:: INFORMATION SUPPLIED ::
·····
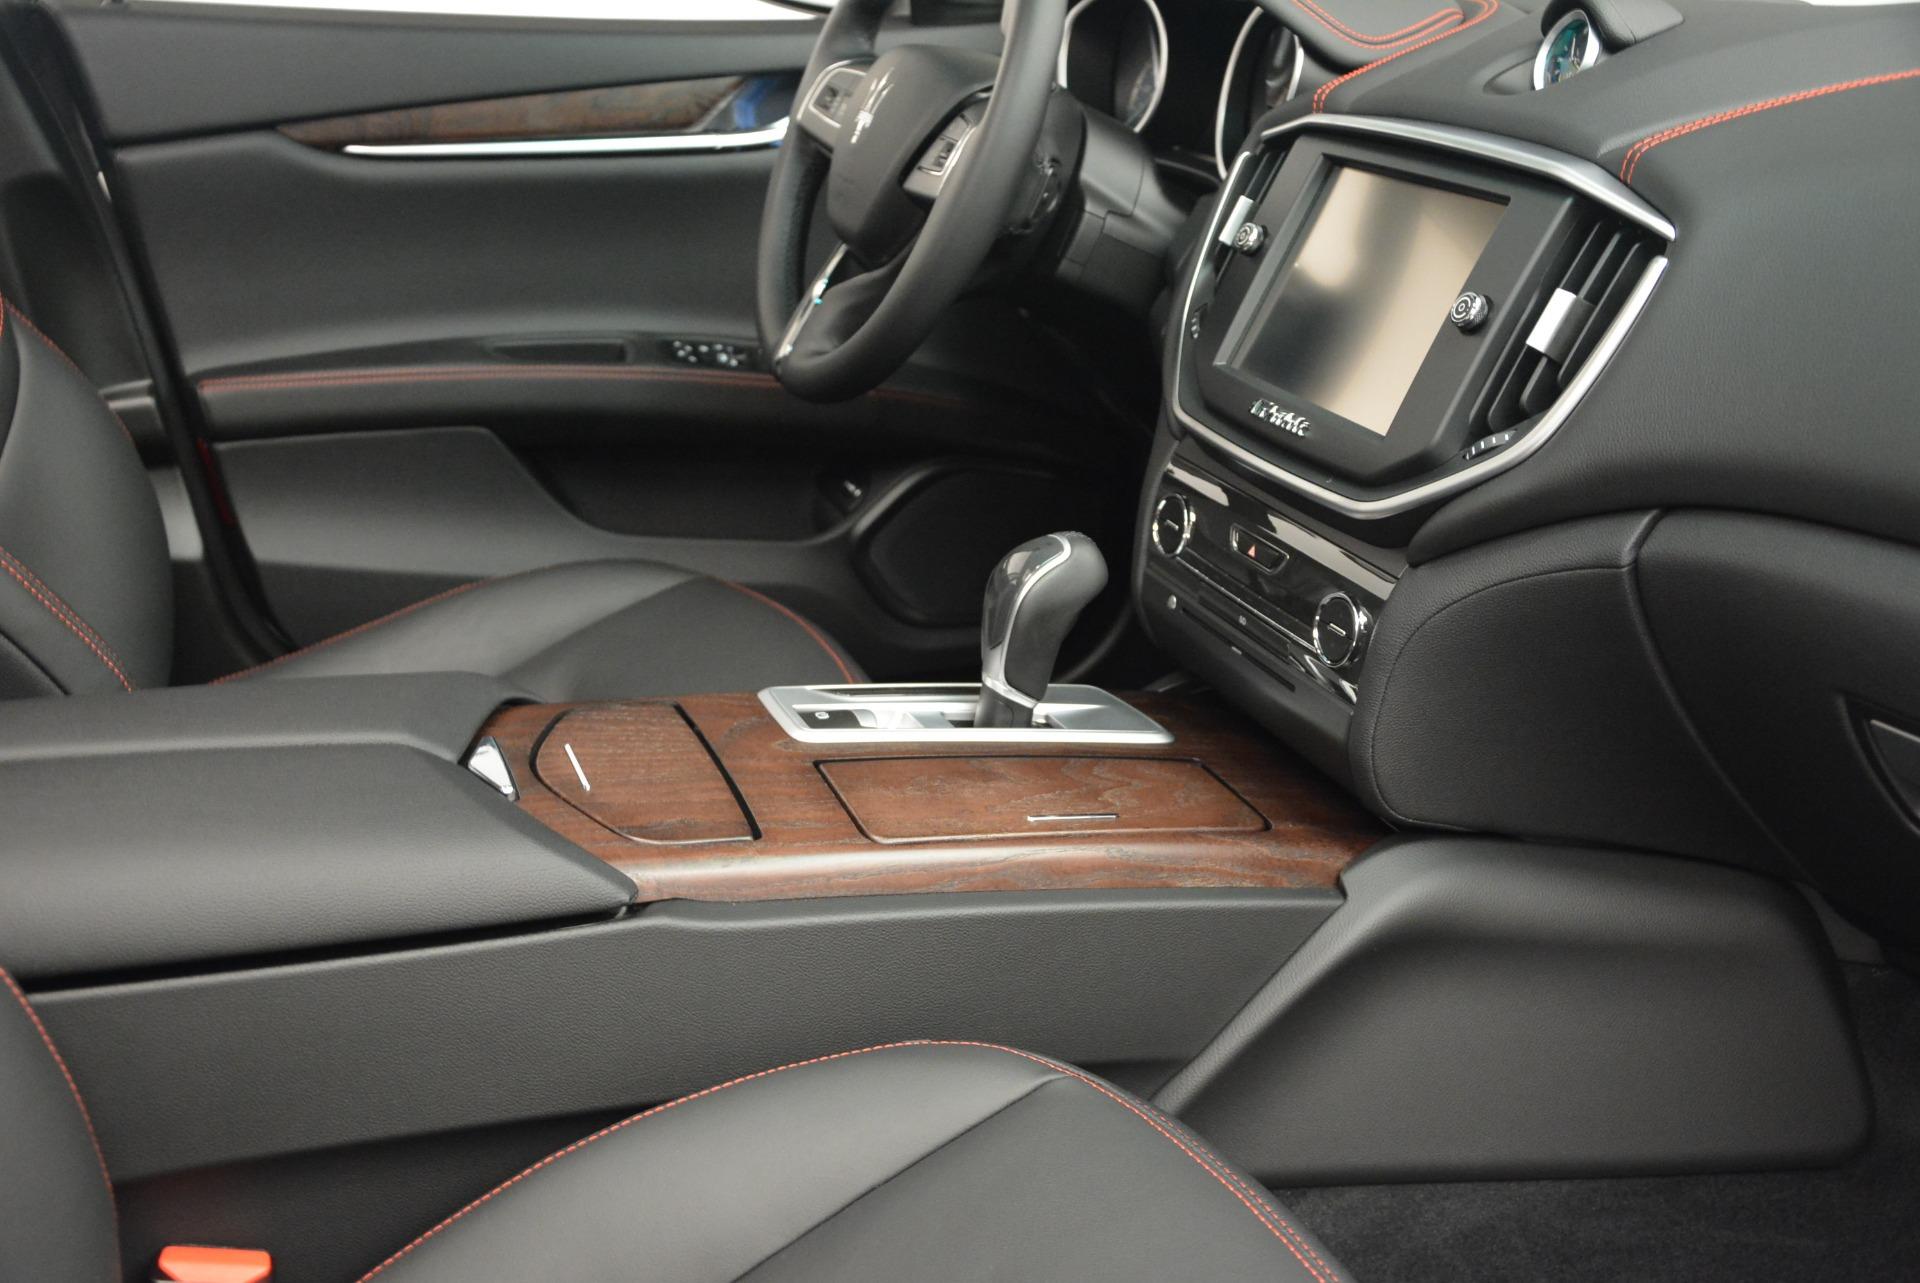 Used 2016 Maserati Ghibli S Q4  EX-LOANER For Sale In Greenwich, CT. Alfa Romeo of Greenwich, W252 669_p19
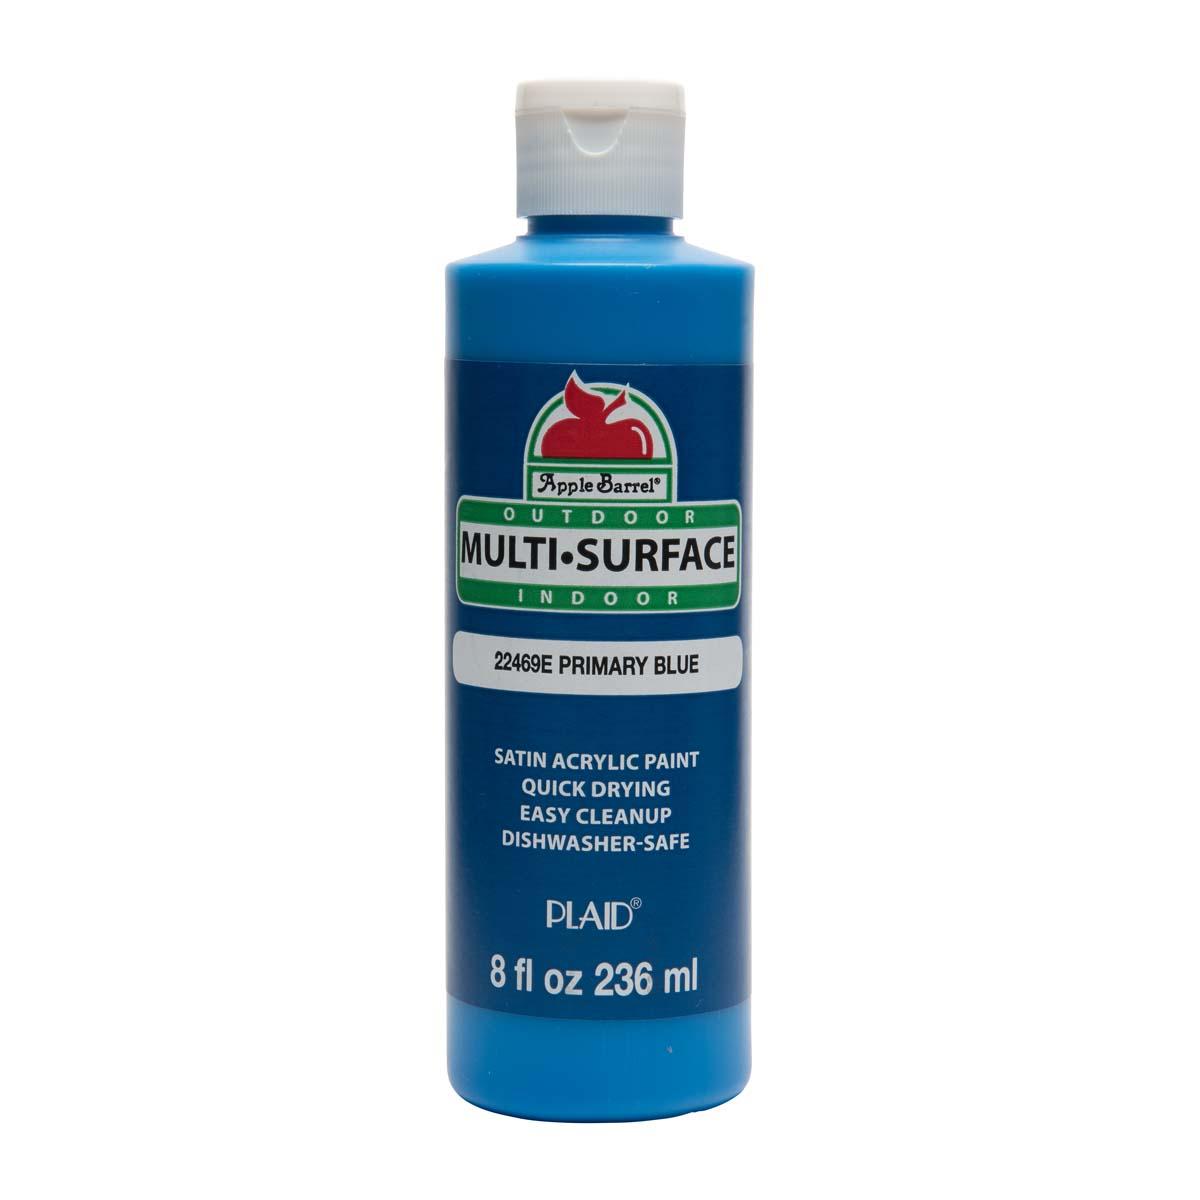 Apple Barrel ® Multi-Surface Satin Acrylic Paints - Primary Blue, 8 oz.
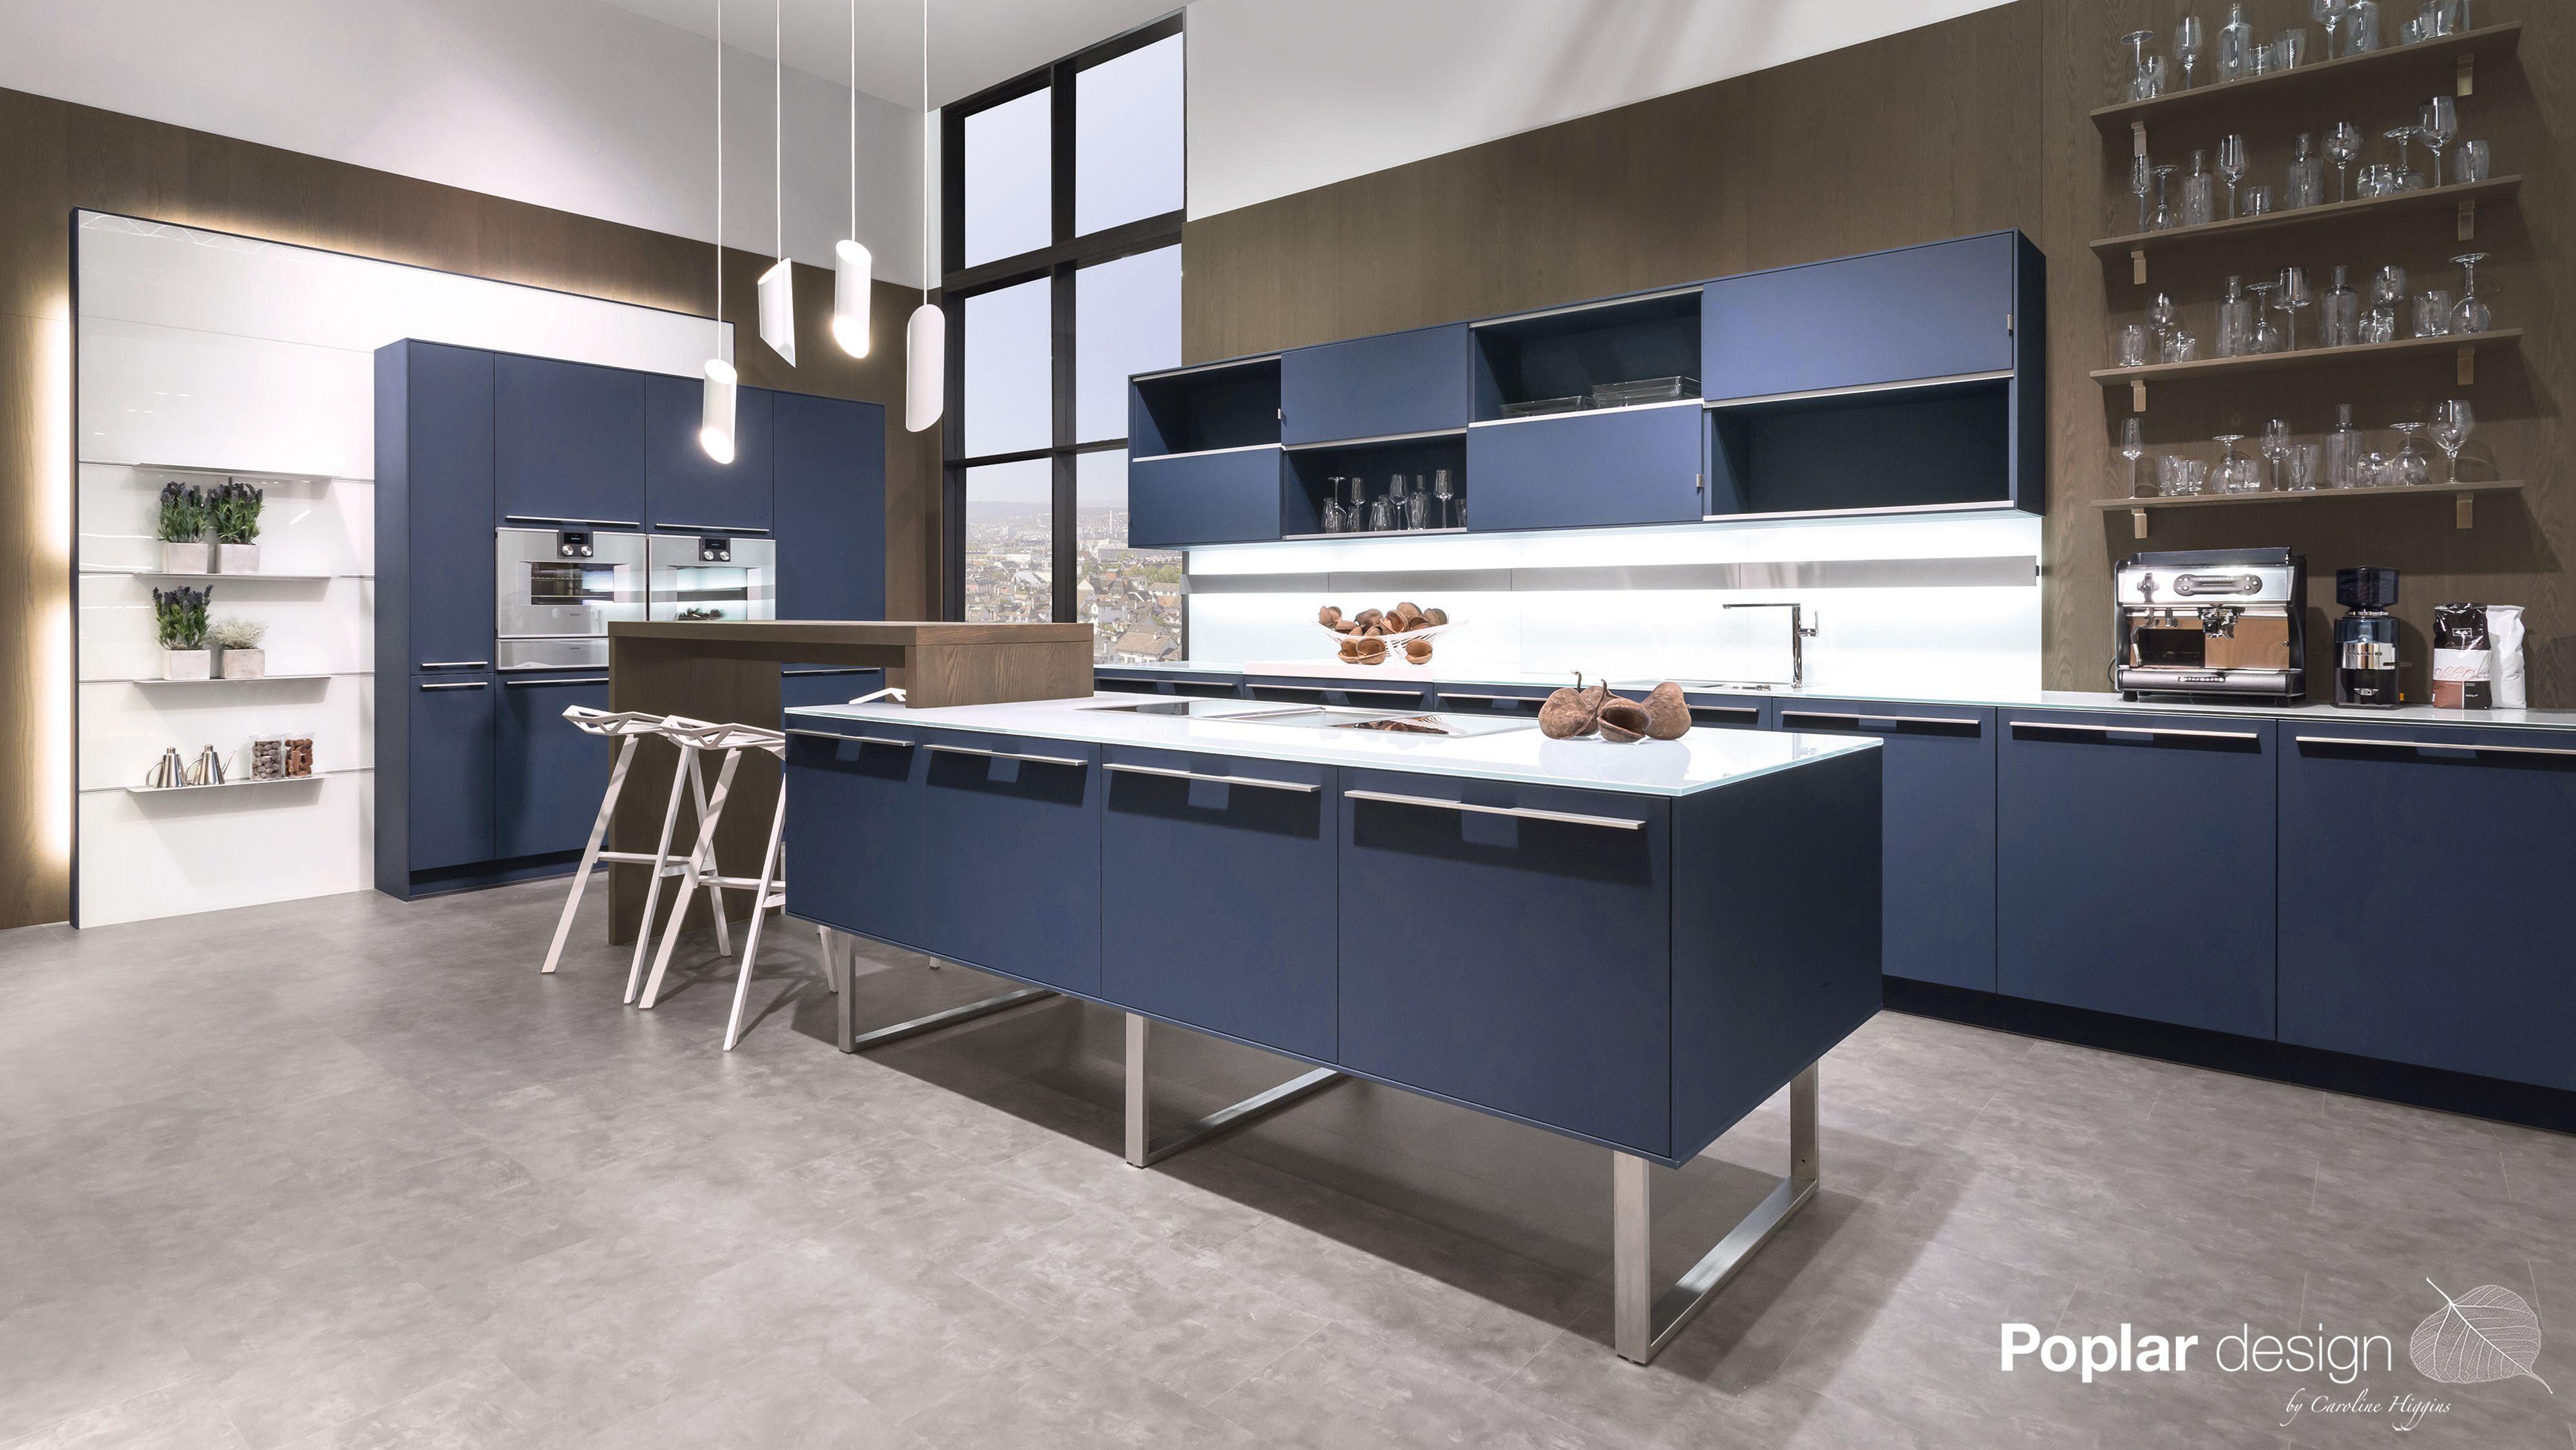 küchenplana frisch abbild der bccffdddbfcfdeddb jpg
·····
:: GOAL OF THE EXERCISE ::
Transcribe the data exactly and leave no picture in the copy.

:: EXERCISE OUTPUT ::
 Used 2016 Maserati Ghibli S Q4  EX-LOANER For Sale In Greenwich, CT. Alfa Romeo of Greenwich, W252 669_p19
 Apple Barrel ® Multi-Surface Satin Acrylic Paints - Primary Blue, 8 oz.
 küchenplana frisch abbild der bccffdddbfcfdeddb jpg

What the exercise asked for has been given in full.